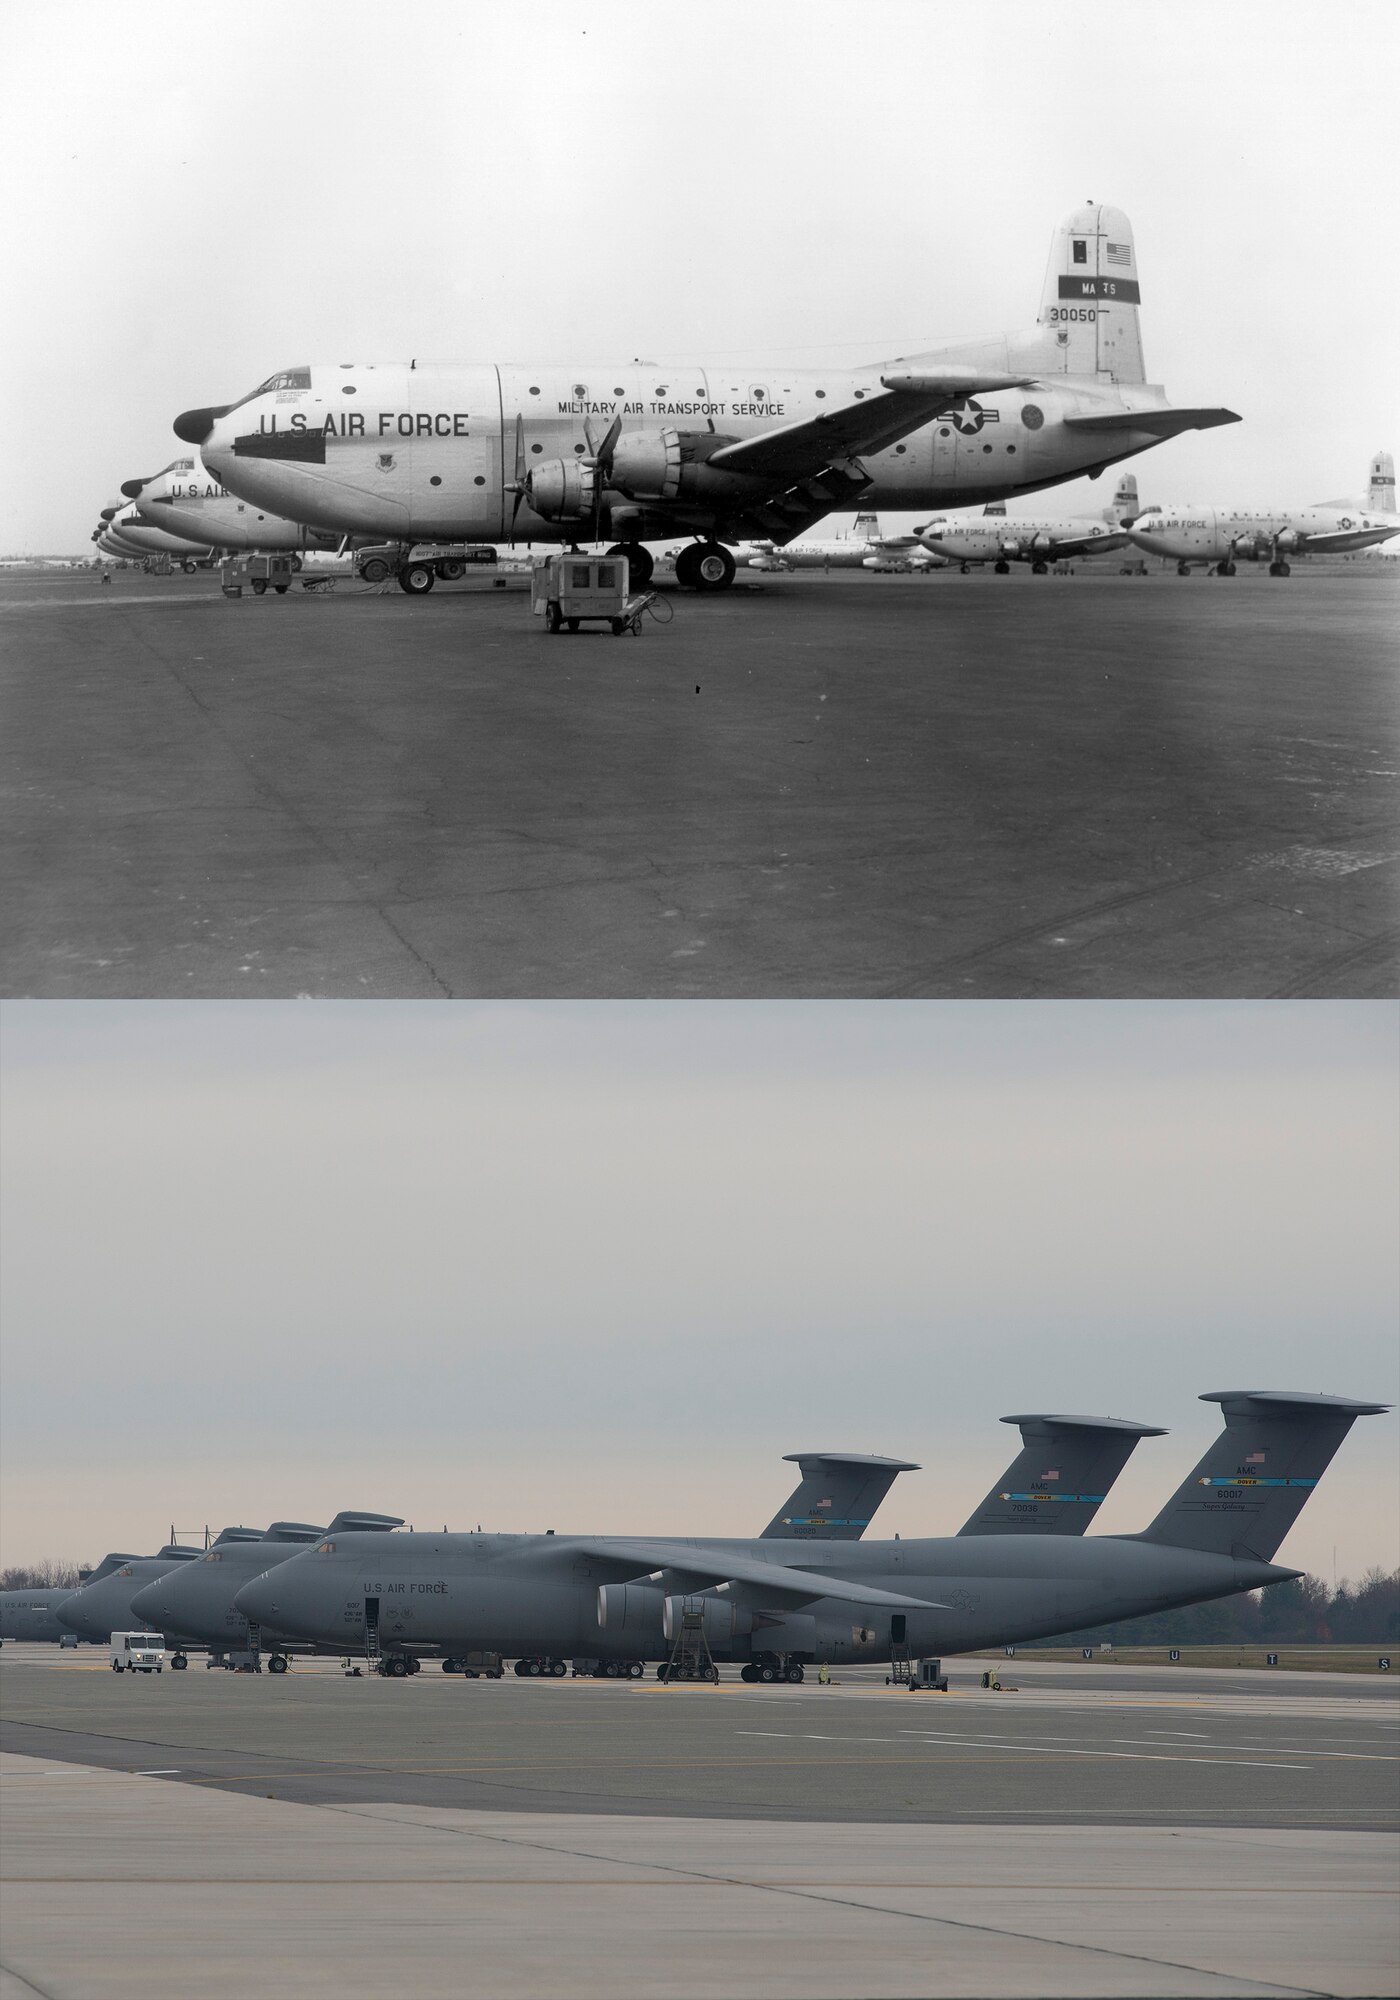 Circa early 1960s versus 2016. C-124 Globemaster II and C-5M Super Galaxy airlifters on the flightline. (U.S. Air Force photo illustration by Senior Airman Zachary Cacicia)
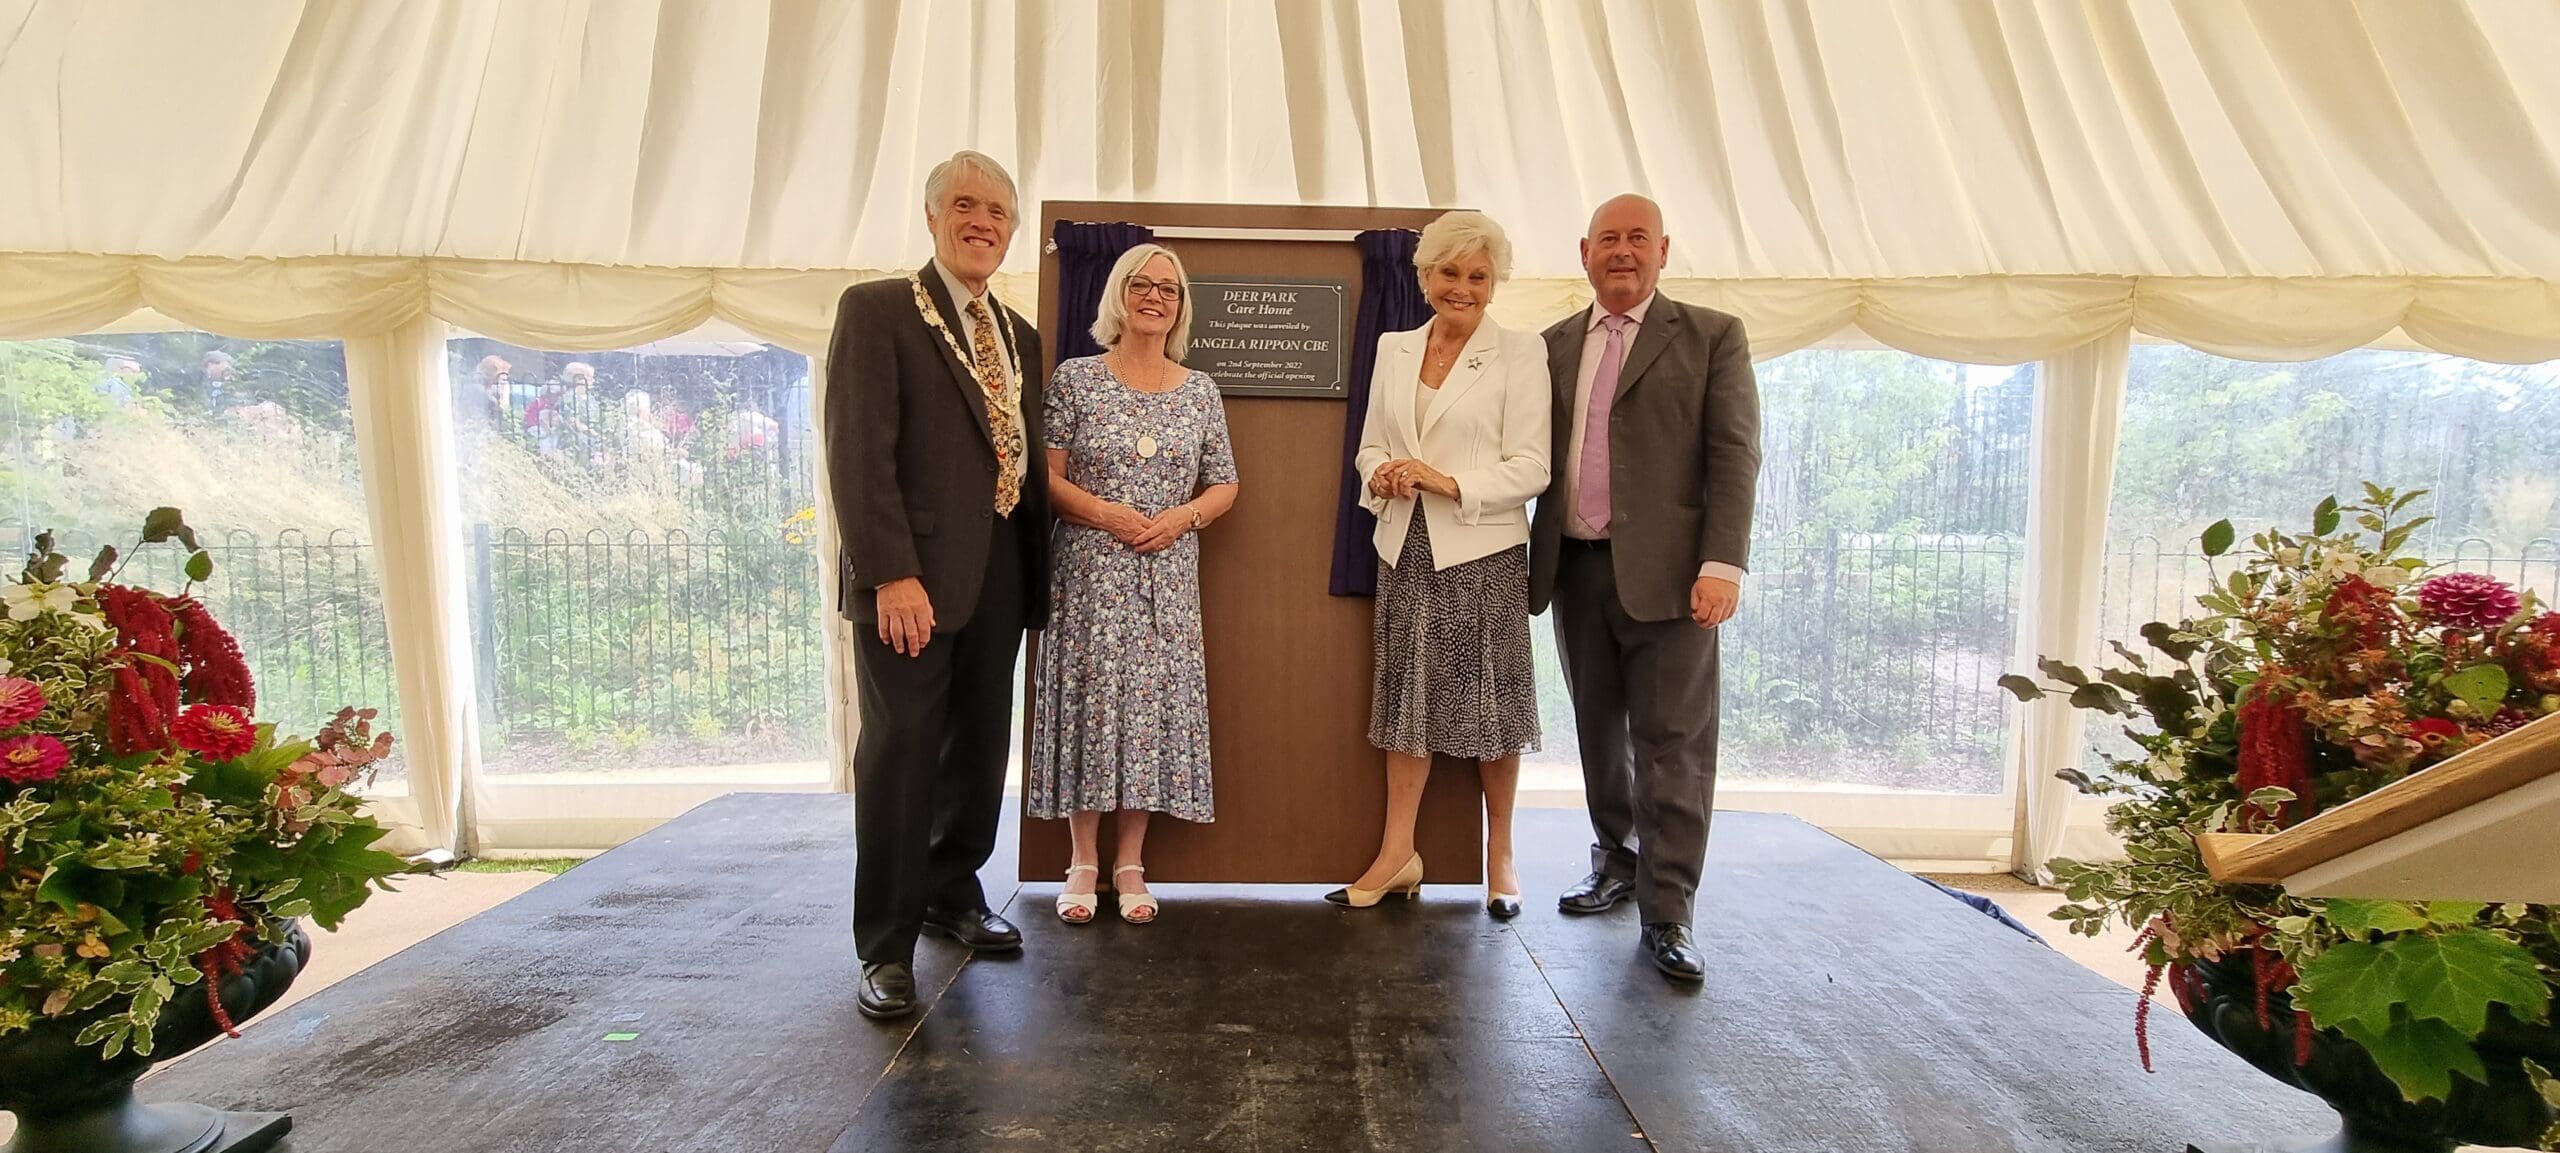 Angela Rippon Officially Opens Deer Park
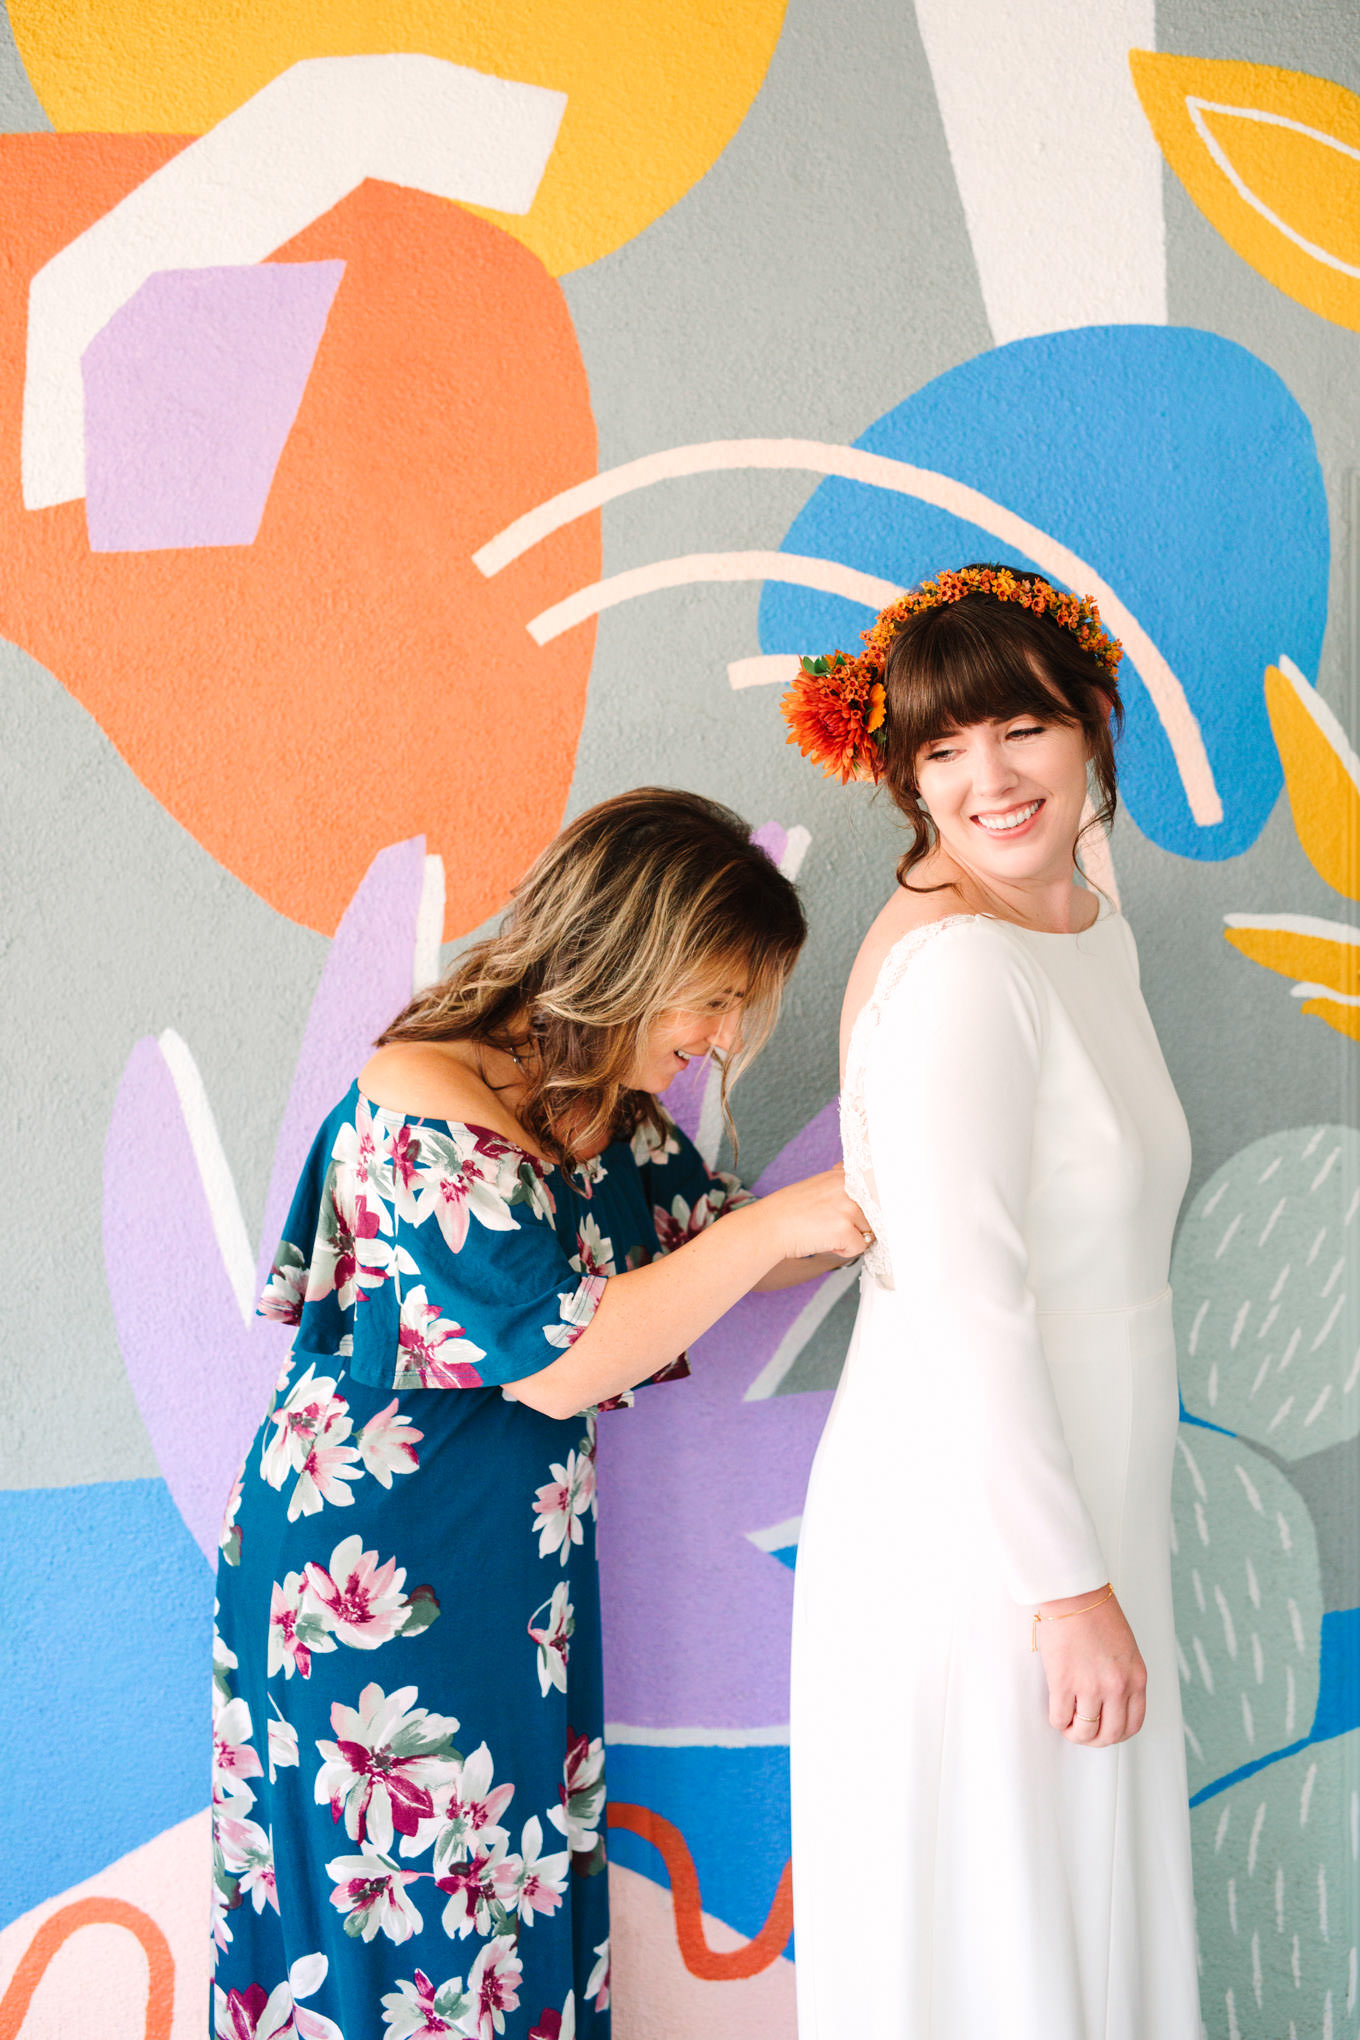 Mother of the bride finishing touches with fun mural | Vibrant backyard micro wedding featured on Green Wedding Shoes | Colorful LA wedding photography | #losangeleswedding #backyardwedding #microwedding #laweddingphotographer Source: Mary Costa Photography | Los Angeles

• **WHAT YOU SHOULD DO**
Wherever the listing shows a picture, omit it and output the rest exactly as given.

• **RESPONSE AREA**
 Circa early 1960s versus 2016. C-124 Globemaster II and C-5M Super Galaxy airlifters on the flightline. (U.S. Air Force photo illustration by Senior Airman Zachary Cacicia)
 Angela Rippon Officially Opens Deer Park
 Mother of the bride finishing touches with fun mural | Vibrant backyard micro wedding featured on Green Wedding Shoes | Colorful LA wedding photography | #losangeleswedding #backyardwedding #microwedding #laweddingphotographer Source: Mary Costa Photography | Los Angeles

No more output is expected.